Of course, these are not injuries in a literal sense. Rather, the bulges of paint are to be interpreted aesthetically, like the openings of the picture surface in works by Lucio Fontana (1899-1968), or the traces in artworks made of torn-off posters, such as those by Raymond Hains (1926-2005). Gross was weaned on such positions in the avant-garde art scene in 1960s Cologne. He was similarly confronted, for example, by paintings full of color contrasts by the likes of Clifford Still (1904-1980) and other representatives of American Expressionism, when he settled in New York in 1972, making it his primary residence. This art historical system—up to the dynamics of tachistic placements—is something Gross also invokes associatively in his works.

His native Cologne and his adopted New York home also perhaps fueled the artist’s dialogue with the theme of the diptych. Immediately prior to beginning his work on the Contact Paintings, he rendered the twin towers of the Cologne Cathedral, an inscribed symbol of home for all Rhinelanders, in an abstract painting from 1996 called “Colonia Twins.” And for decades, the towers of the World Trade Center in Manhattan, the “Twin Towers,” were a landmark in the New York metropolitan area. Gross gives his “Twins” last names as titles: for example, “Schmidt Twins,” or “Elder Twins.” These were selected blindly from the New York telephone book. By using such random names, he releases the works from his care to their own existence. Here as well he emphasizes the autonomy of his artifacts, which have created themselves mutually during their process of origination, as described above.  

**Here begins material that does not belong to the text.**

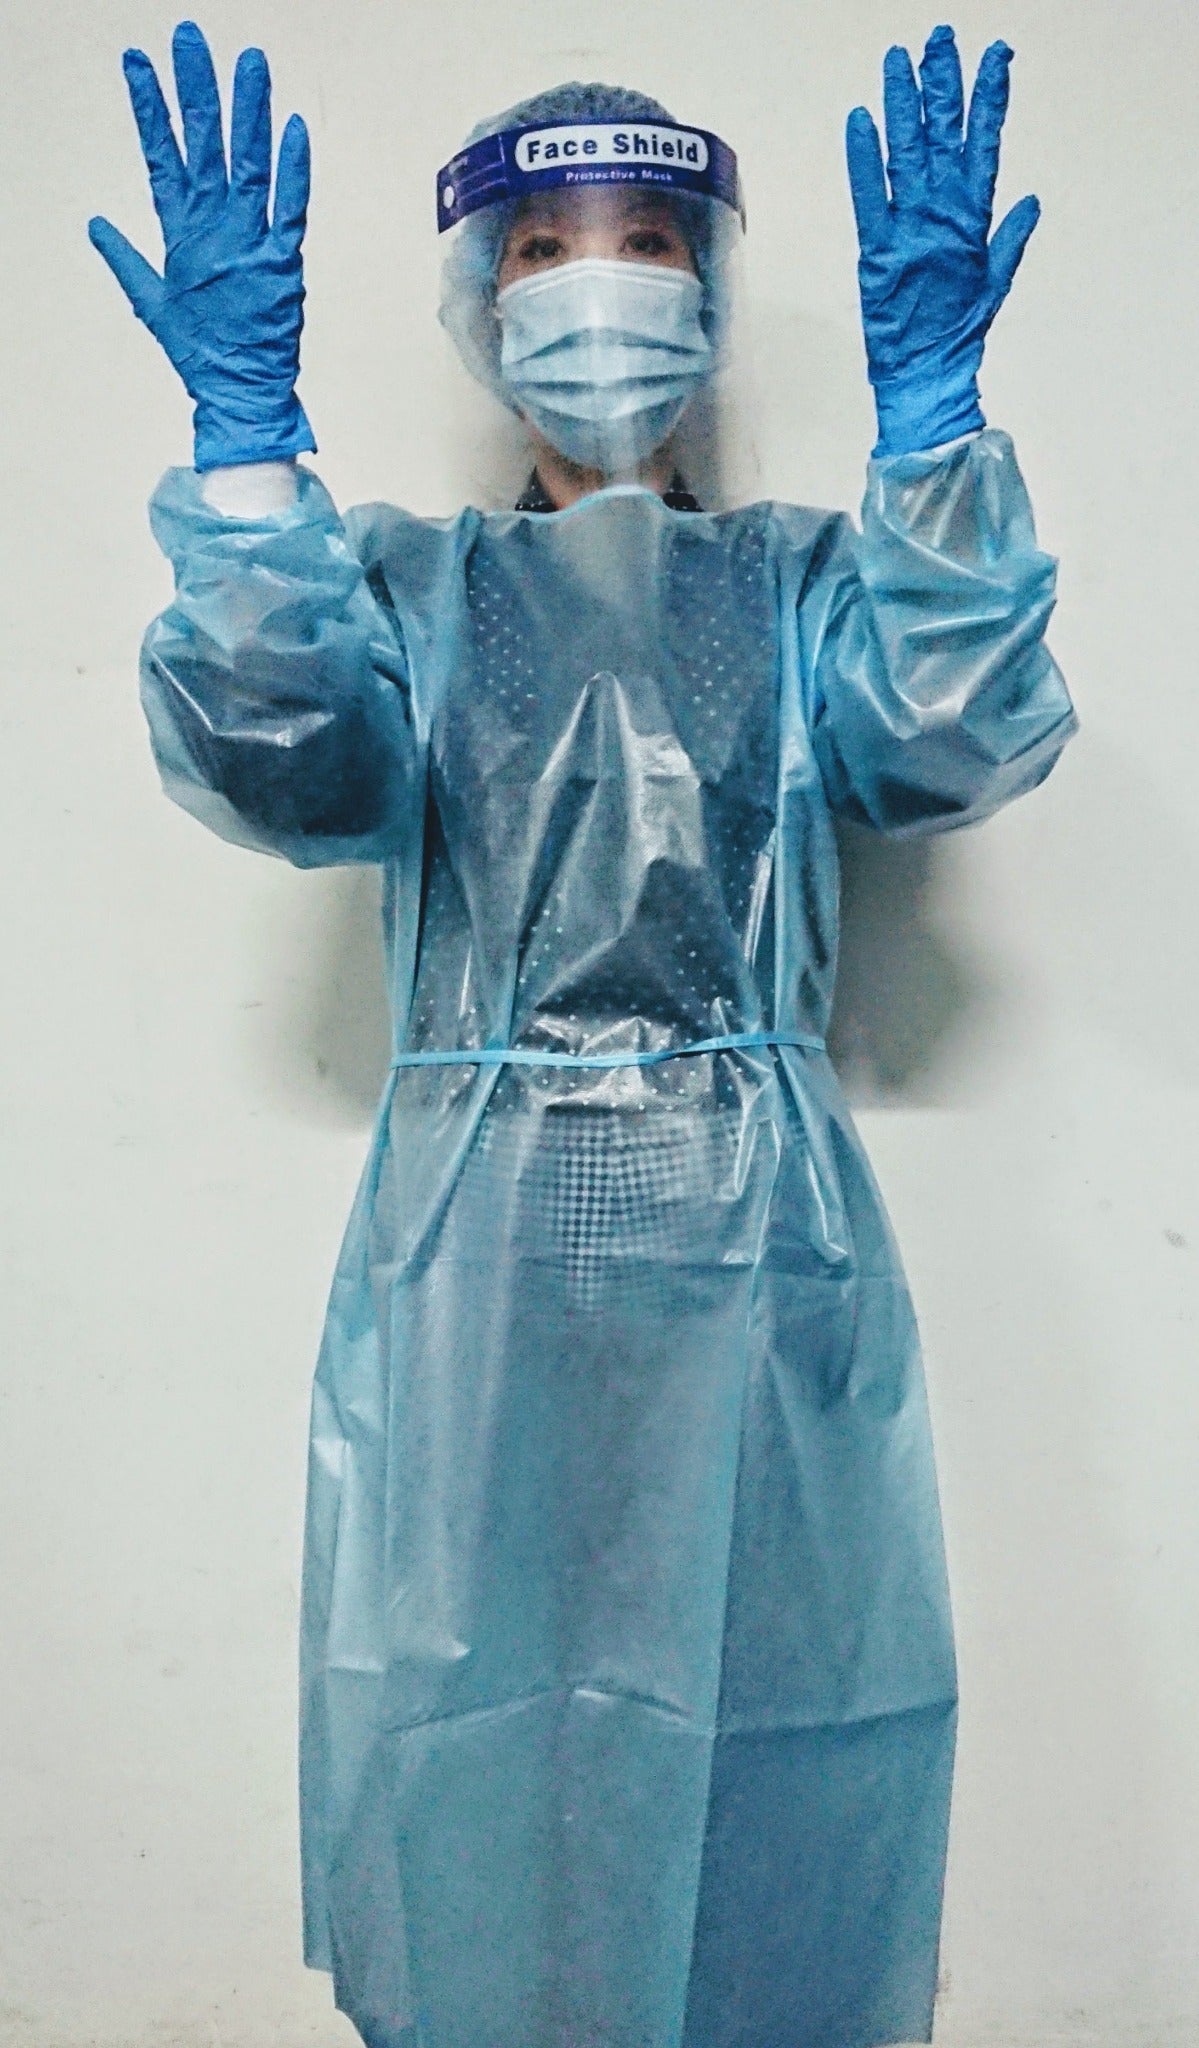 Waterproof Protective Isolation Gown Standard Surgical Sterile Level 2 1  Disposable Protective Medic Gown Hospital - China Protective Waterproof  Medic Gown, Standard Isolation Gown SMS | Made-in-China.com
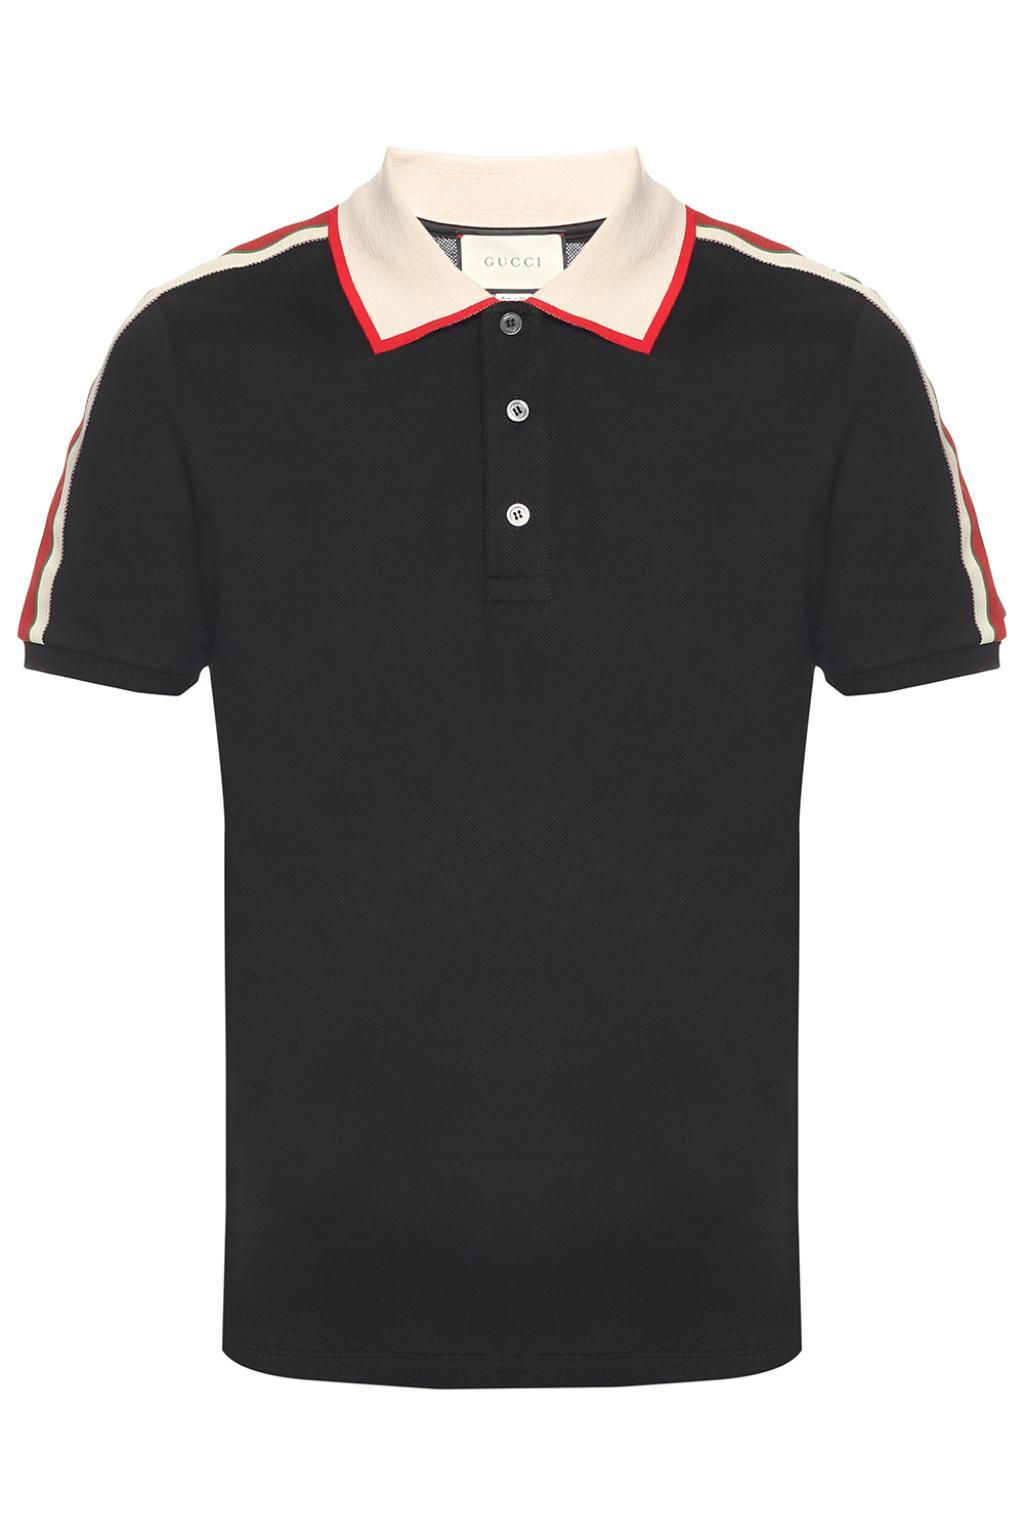 Gucci Taped Logo Polo Shirt in Black for Men | Lyst UK

Unlike positions in analytic color painting, such as those in works by Marcia Hafif (1929-2018) or Joseph Marioni (b. 1943) (who, for example, primarily question painting in pure self-reference concerning its parameters, the nature of the picture carrier, the character of the color material, and the technique used for paint application in relation to light and space), Gross succeeds in delivering a synthetic approach to color painting by evoking associative and narrative levels of meaning, in addition to analyzing the medium of painting and the painting process.